The Genome Workflow directly processes whole-genome variant calls in VCF format. It is intended to produce accurate phylogenies that are useful for tracing subspecies and population structures, and for deriving epidemiological insights, global classifications and geographic modelling. It provides rules for masking positions for phylogenetic tree building. The workflow implements additional rules for applying drug resistance mutation annotation and conducting clade assignment.

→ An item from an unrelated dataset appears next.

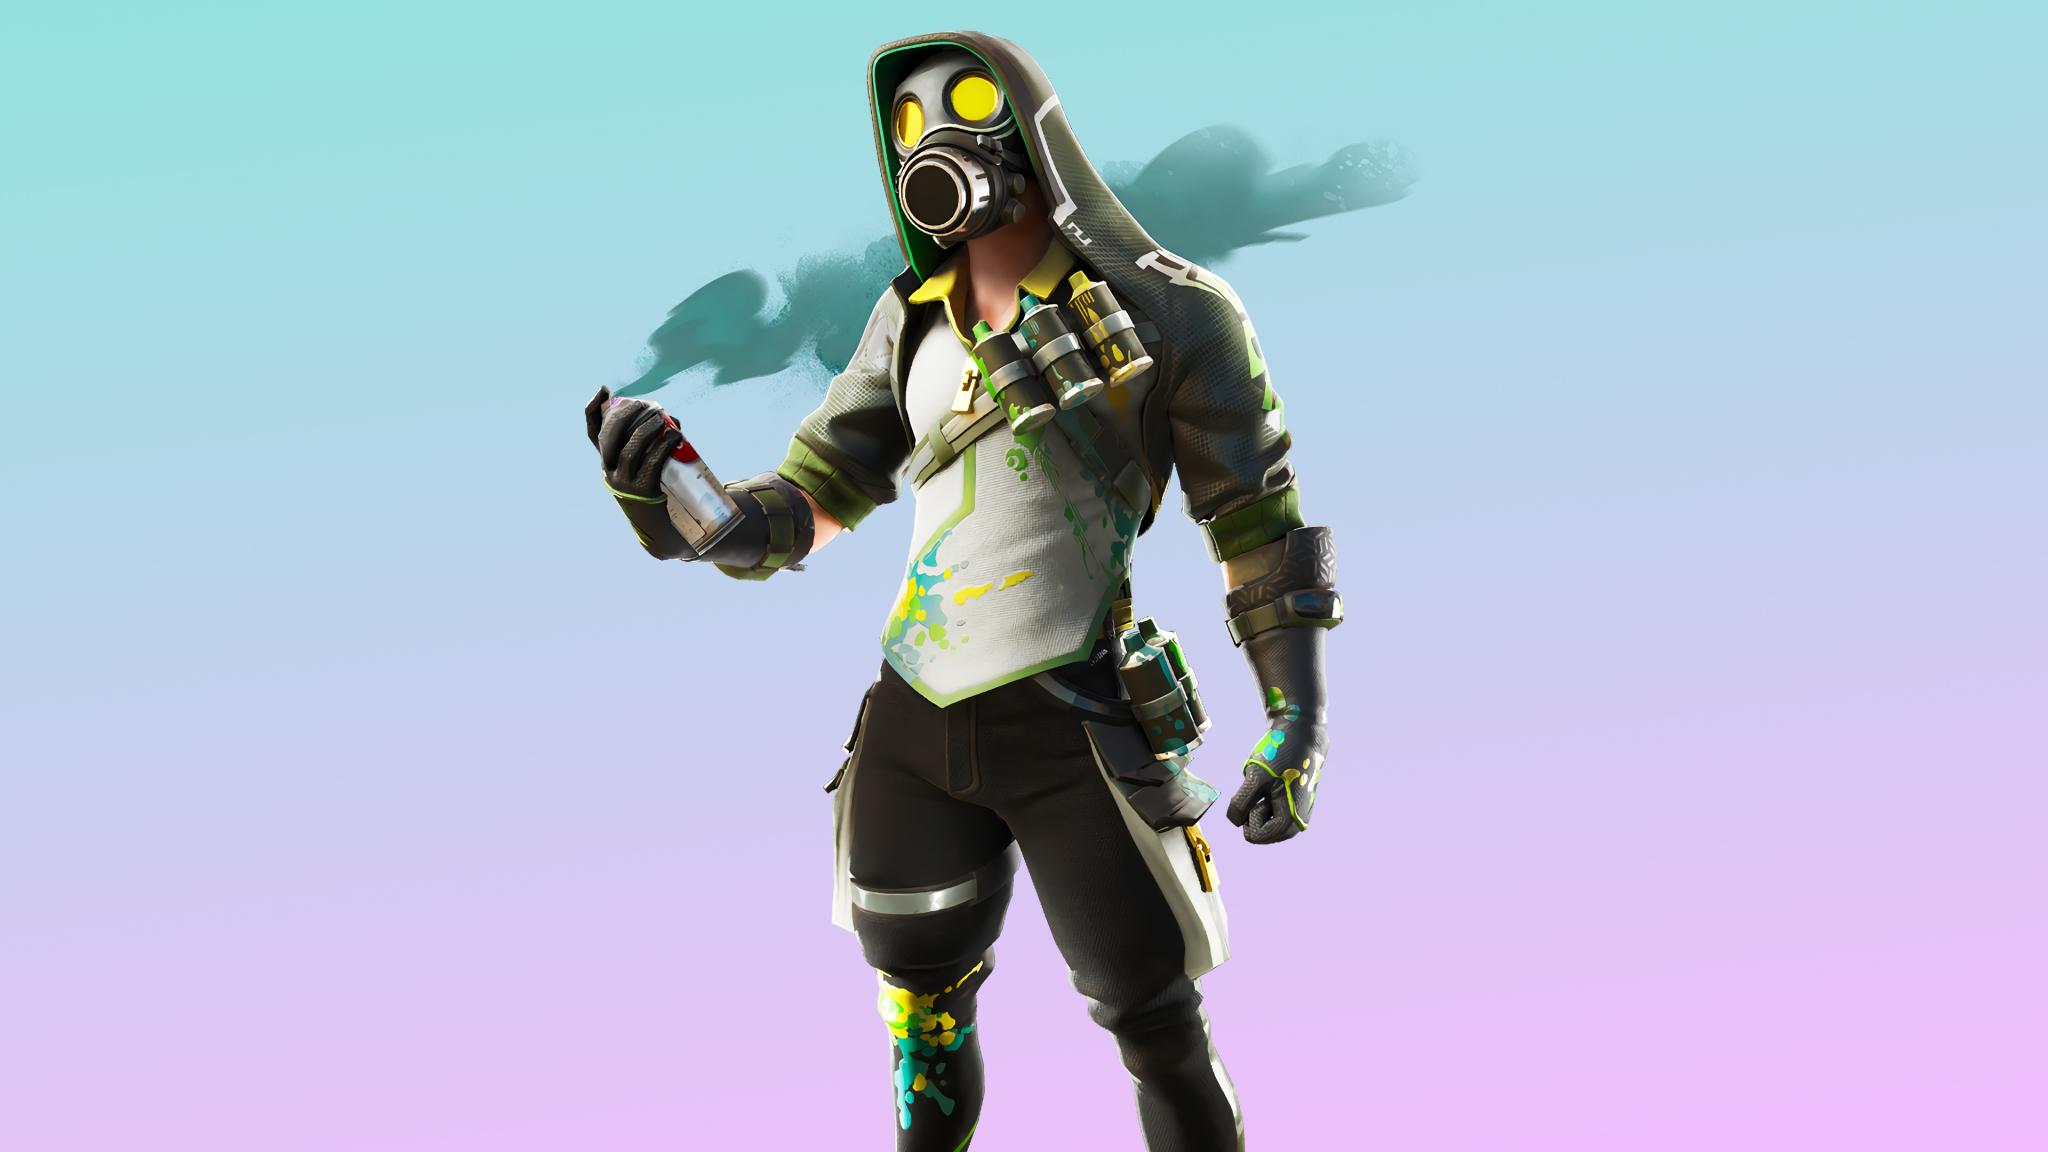 2048x1152 Toxic Tagger Fortnite 2048x1152 Resolution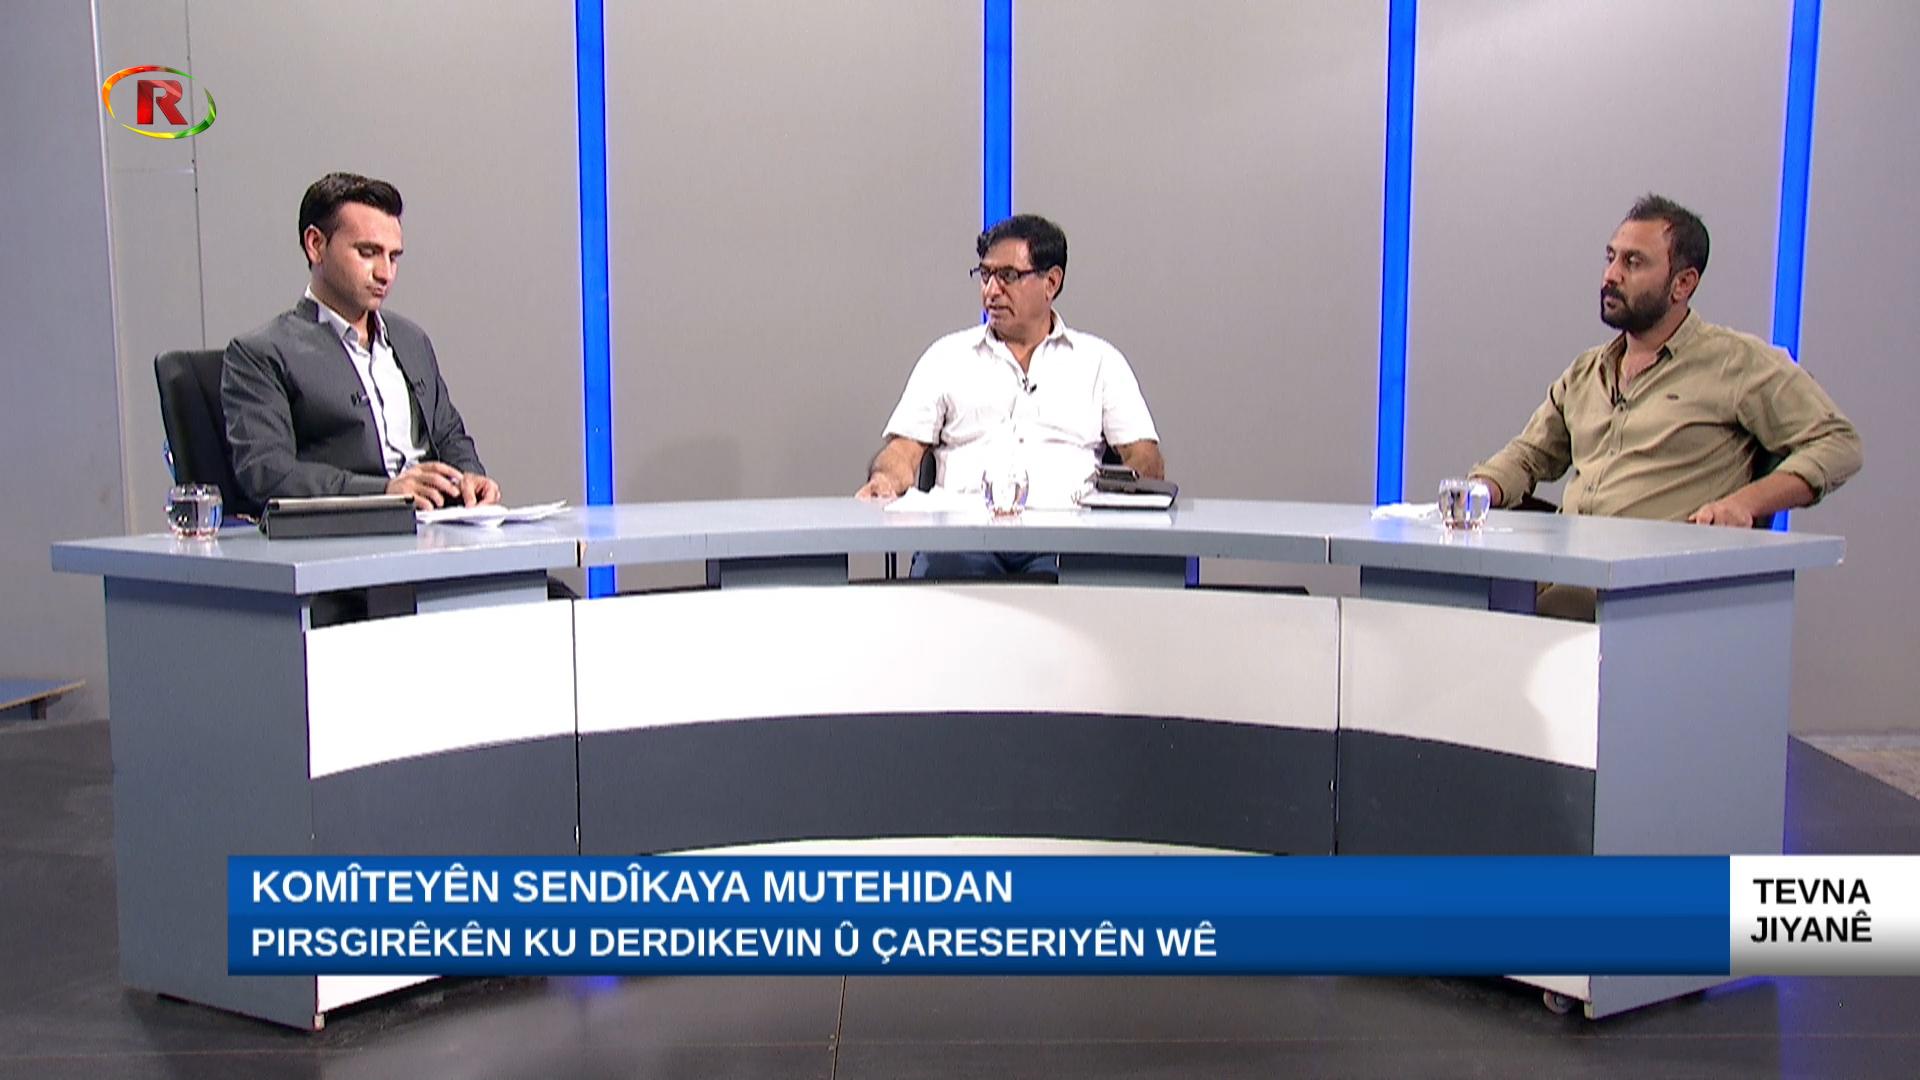 Photo of Ronahi TV – TEVNA JIYANÊ

For our datasets, we mask known recombinant loci in Treponema pallidum, thereby reducing the homoplasic effect on the tree topology. Furthermore, we annotate macrolide resistance mutations induced by single nucleotide variants (SNVs) in the 23S ribosomal RNA (rRNA) of Treponema pallidum, as well as a prototypic clade assignment scheme based on hierarchical clustering.

Gene

The Gene Workflow focuses analysis on a single gene of interest. This enables functional analysis, for example, the discovery of putative vaccine targets. The workflow is not applied directly to variant calls, but a preprocessing step involving the following is applied:

  • Generating target gene sequence alignments using MUSIAL from the variant calls. Currently, all samples with an identical sequence to the reference sequence are excluded.
  • Adapting the reference annotation to the target gene to allow the extraction of gene sub-features (i.e. biological regions of interest) if they are included in the annotation.
  • Additional meta data annotation of each sample based on the sequence composition of selected gene sub-features.

For our datasets, we manually annotated protein topologies using either manually curated data or the DeepTMHMM tool for selected outer membrane proteins (OMPs) of interest. Our focus is on sequence composition typing of extracellular loop (ECL) regions.